What needs to be done: Repeat the data exactly as given below, dropping every picture.

Stored data:
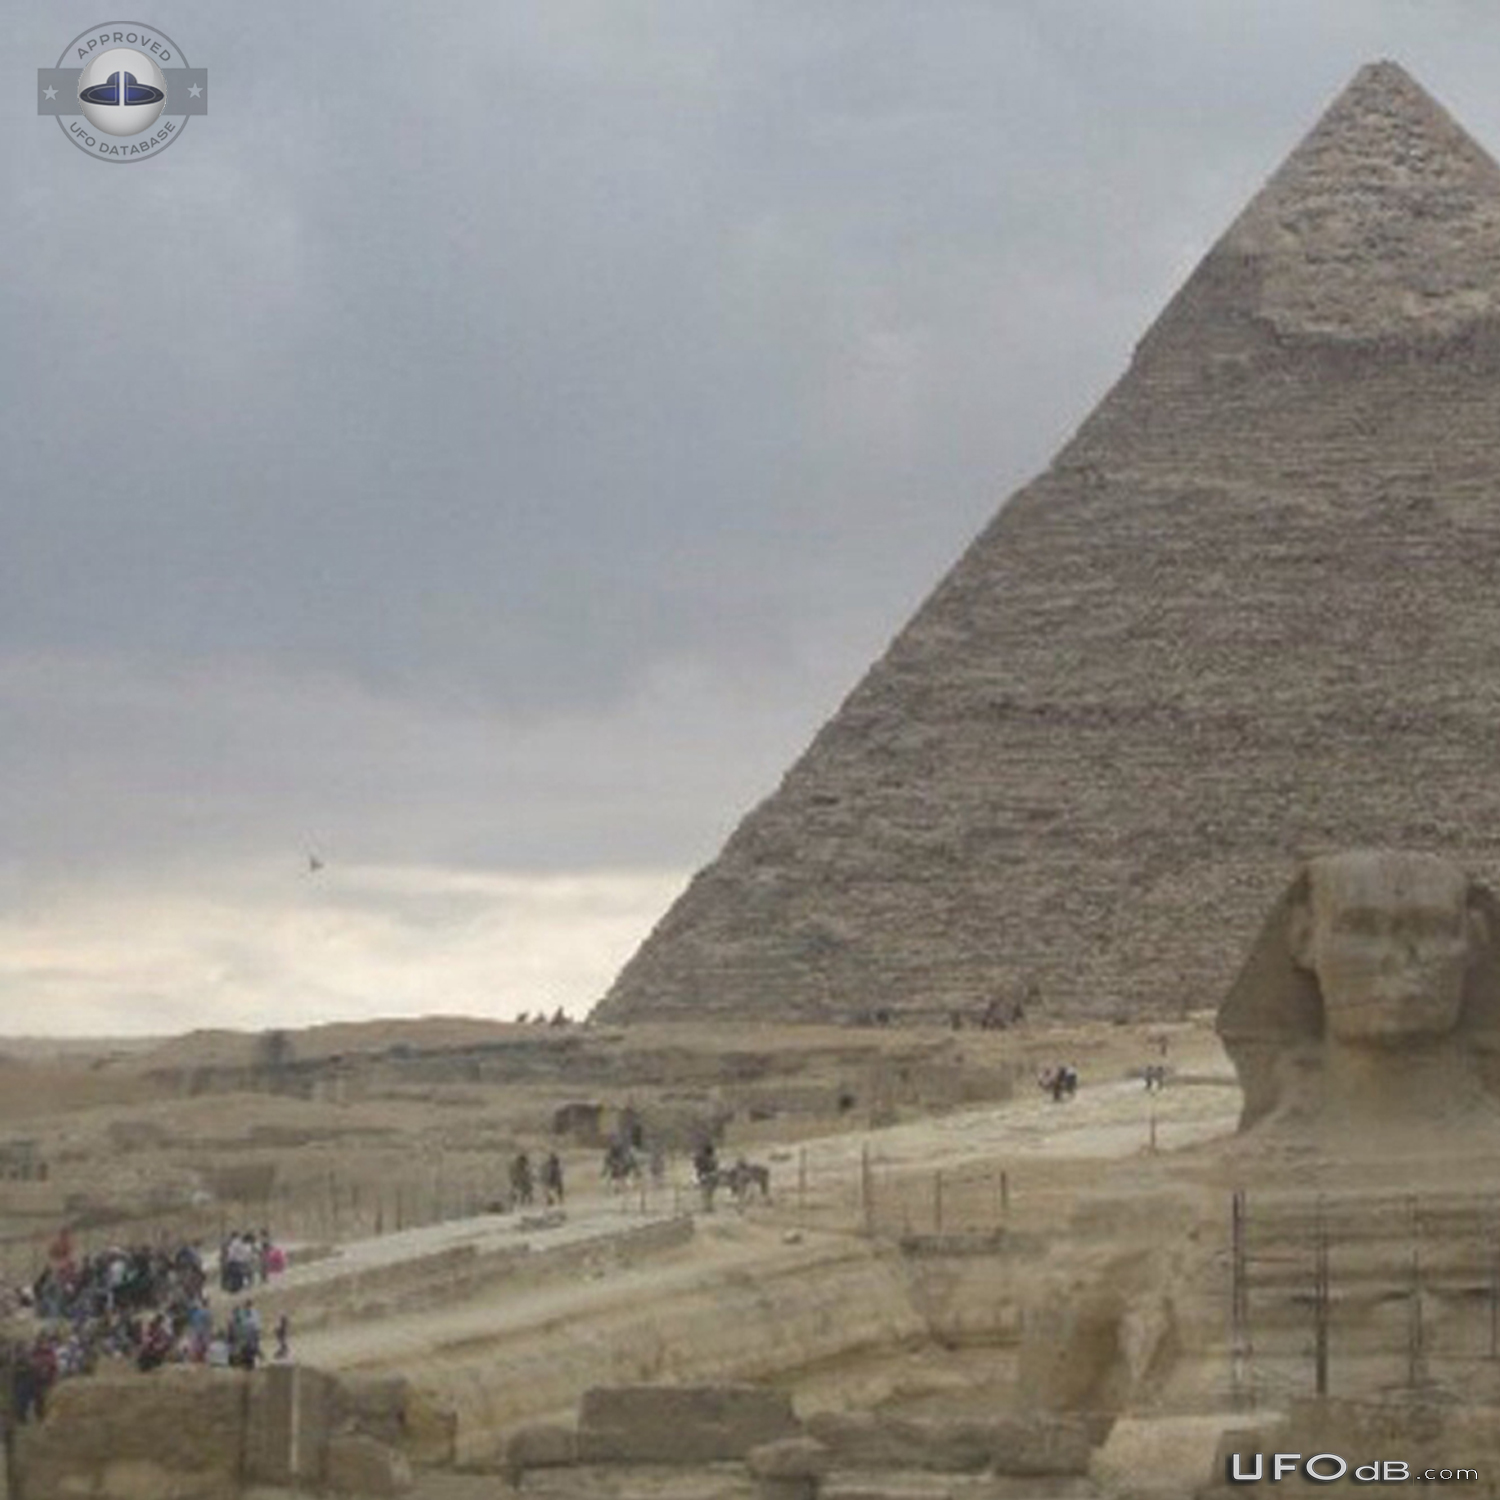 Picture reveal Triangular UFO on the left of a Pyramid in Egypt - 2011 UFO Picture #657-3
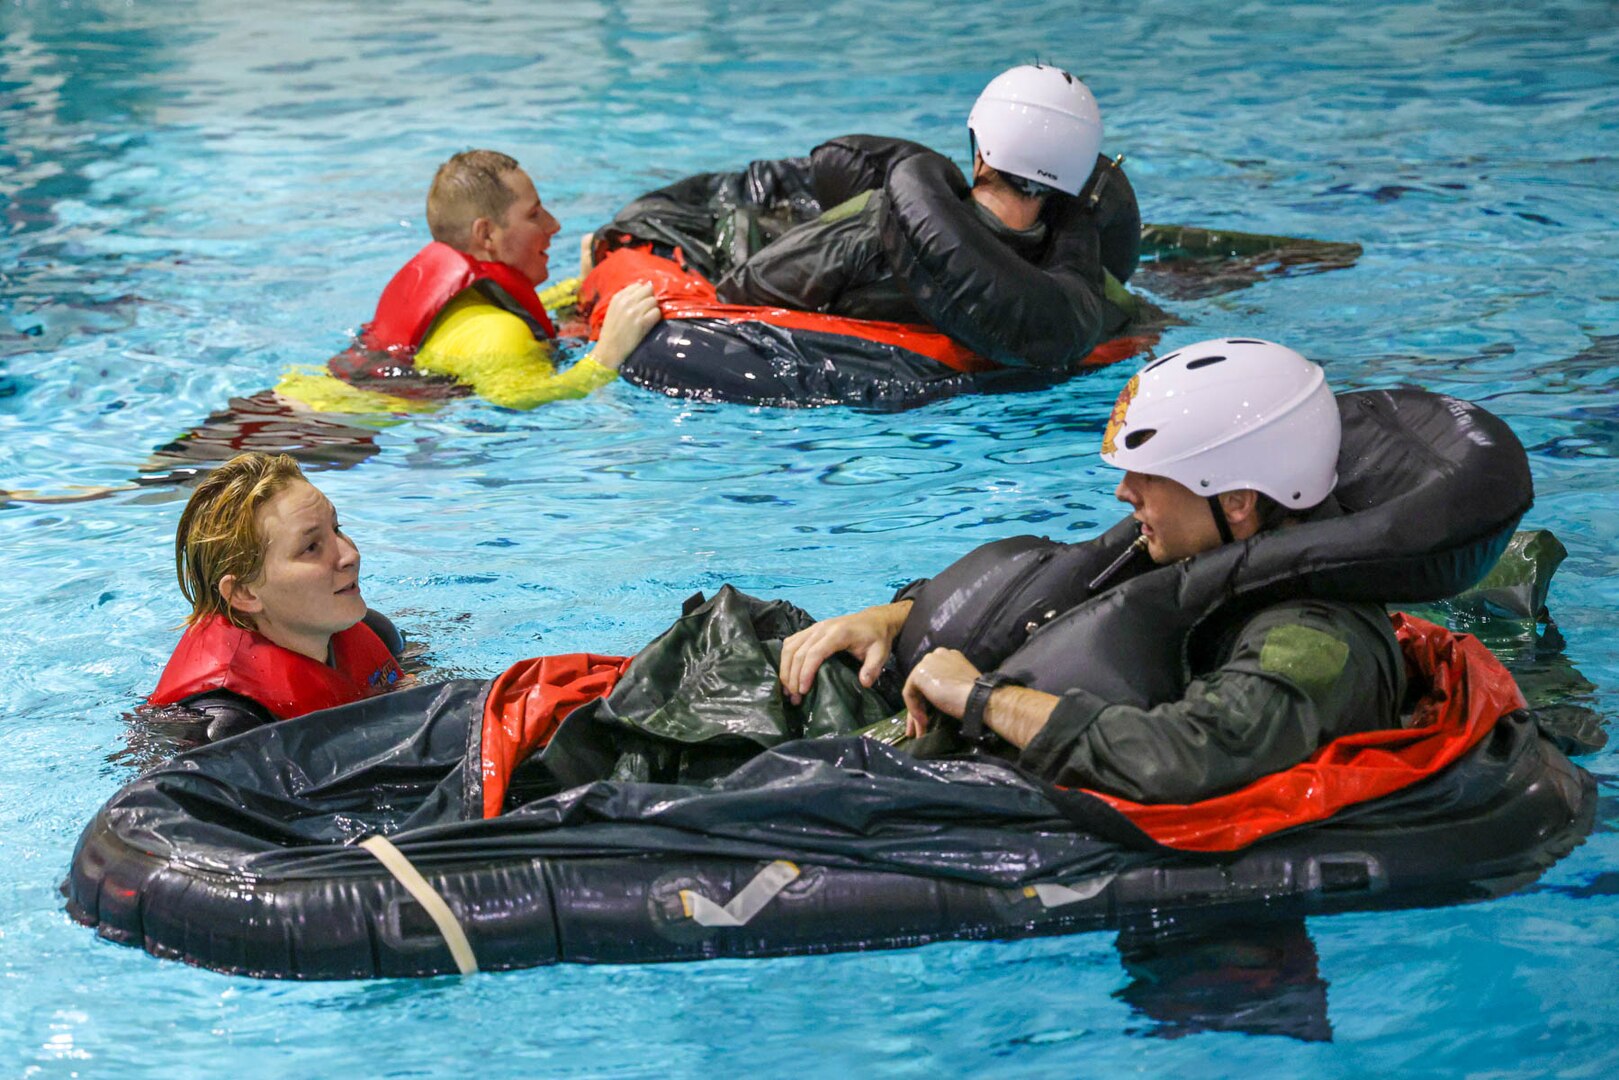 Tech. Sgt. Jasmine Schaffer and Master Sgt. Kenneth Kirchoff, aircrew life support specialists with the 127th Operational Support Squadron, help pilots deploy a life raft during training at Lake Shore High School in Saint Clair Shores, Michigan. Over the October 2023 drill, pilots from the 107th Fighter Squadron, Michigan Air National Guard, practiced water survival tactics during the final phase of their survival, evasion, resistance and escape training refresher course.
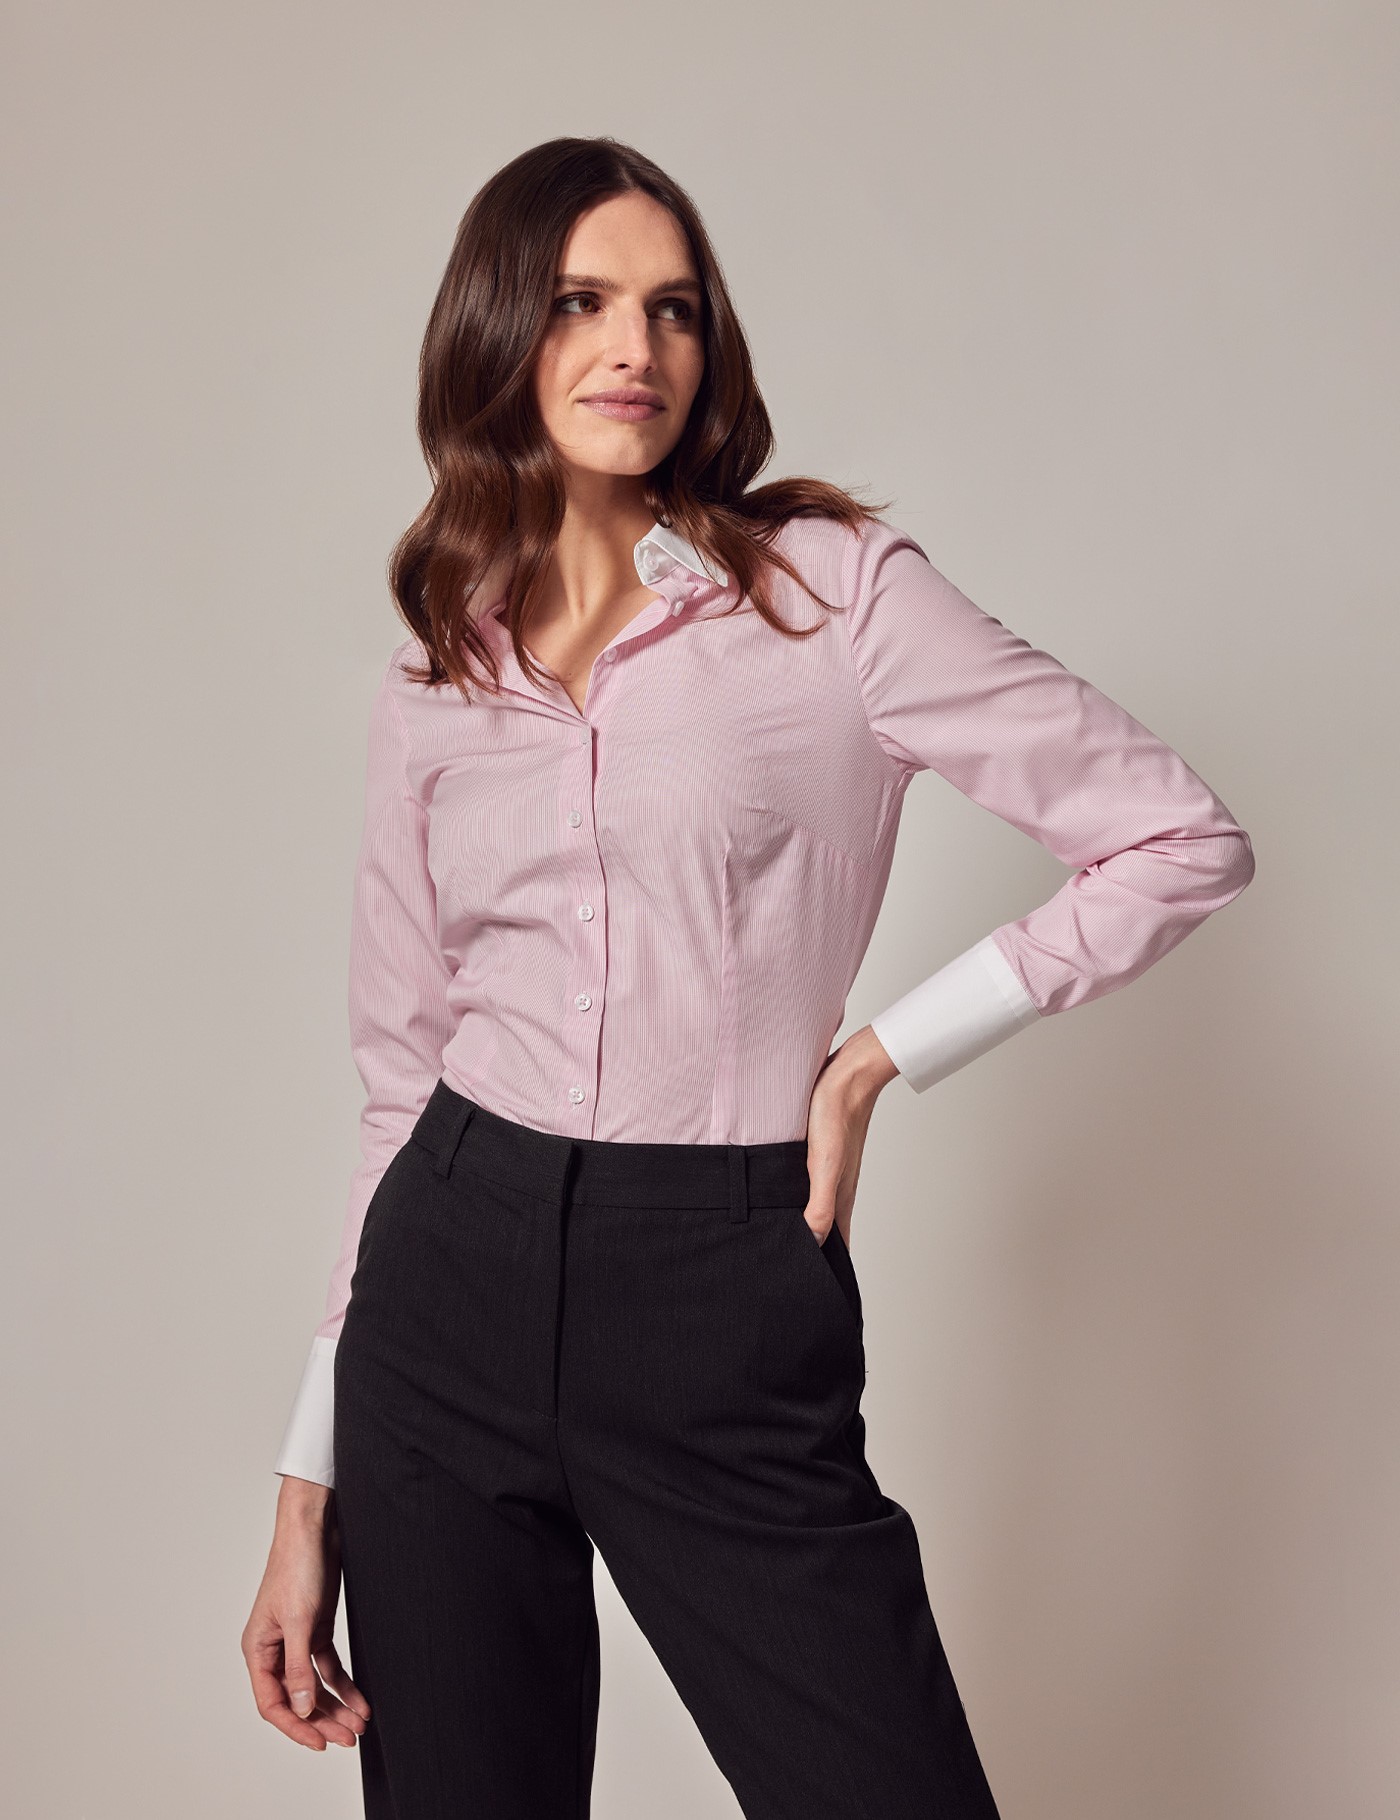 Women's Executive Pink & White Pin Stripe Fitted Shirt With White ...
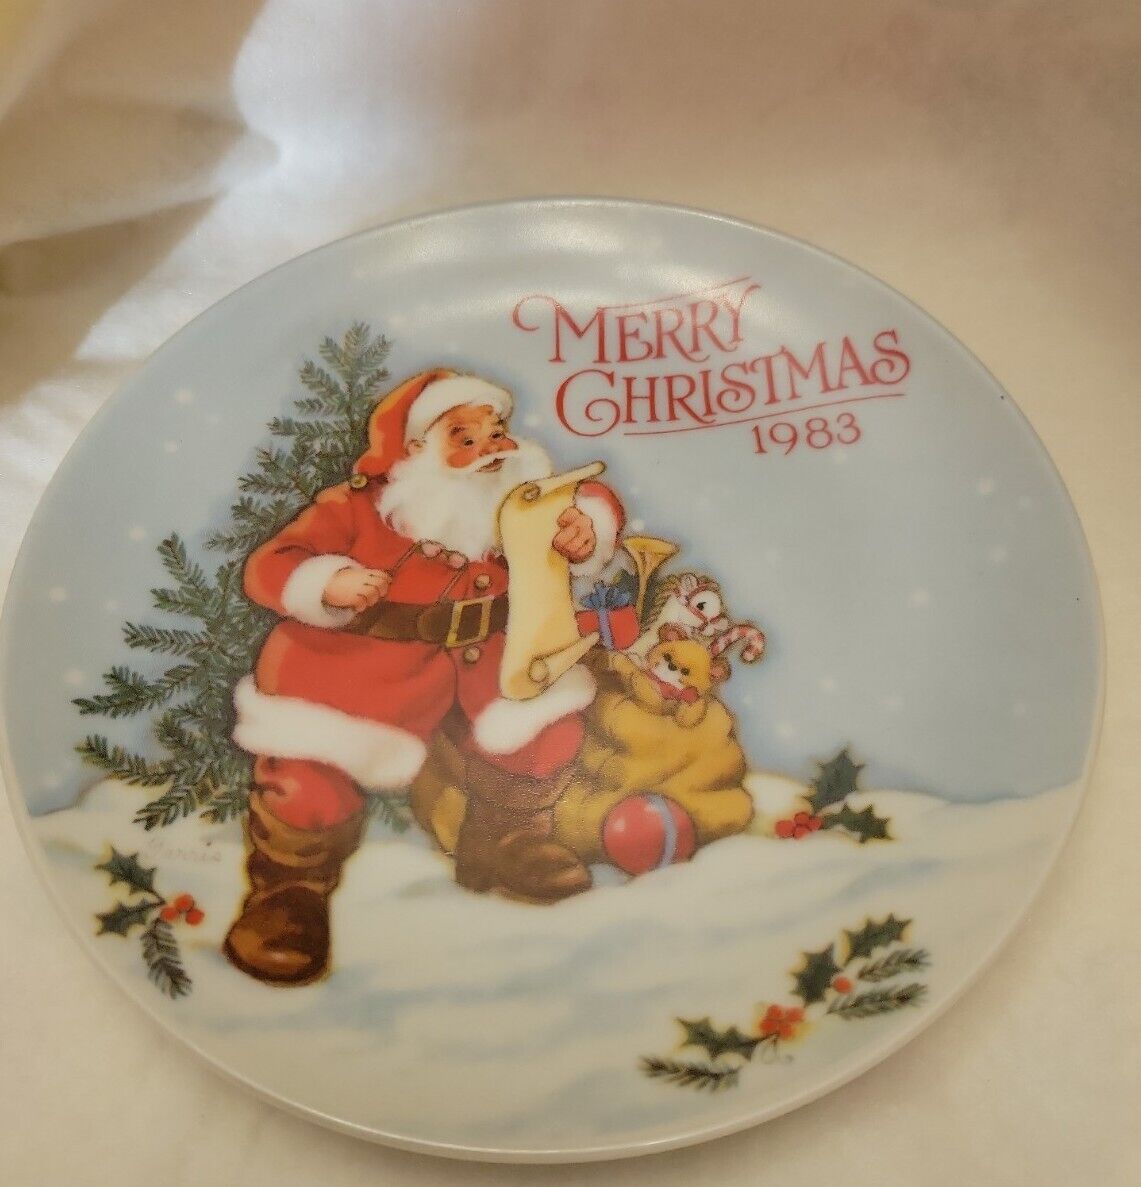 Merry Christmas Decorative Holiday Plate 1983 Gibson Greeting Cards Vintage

Response to this task:
 Picture reveal Triangular UFO on the left of a Pyramid in Egypt - 2011 UFO Picture #657-3
 Tech. Sgt. Jasmine Schaffer and Master Sgt. Kenneth Kirchoff, aircrew life support specialists with the 127th Operational Support Squadron, help pilots deploy a life raft during training at Lake Shore High School in Saint Clair Shores, Michigan. Over the October 2023 drill, pilots from the 107th Fighter Squadron, Michigan Air National Guard, practiced water survival tactics during the final phase of their survival, evasion, resistance and escape training refresher course.
 Women's Executive Pink & White Pin Stripe Fitted Shirt With White ...
 Merry Christmas Decorative Holiday Plate 1983 Gibson Greeting Cards Vintage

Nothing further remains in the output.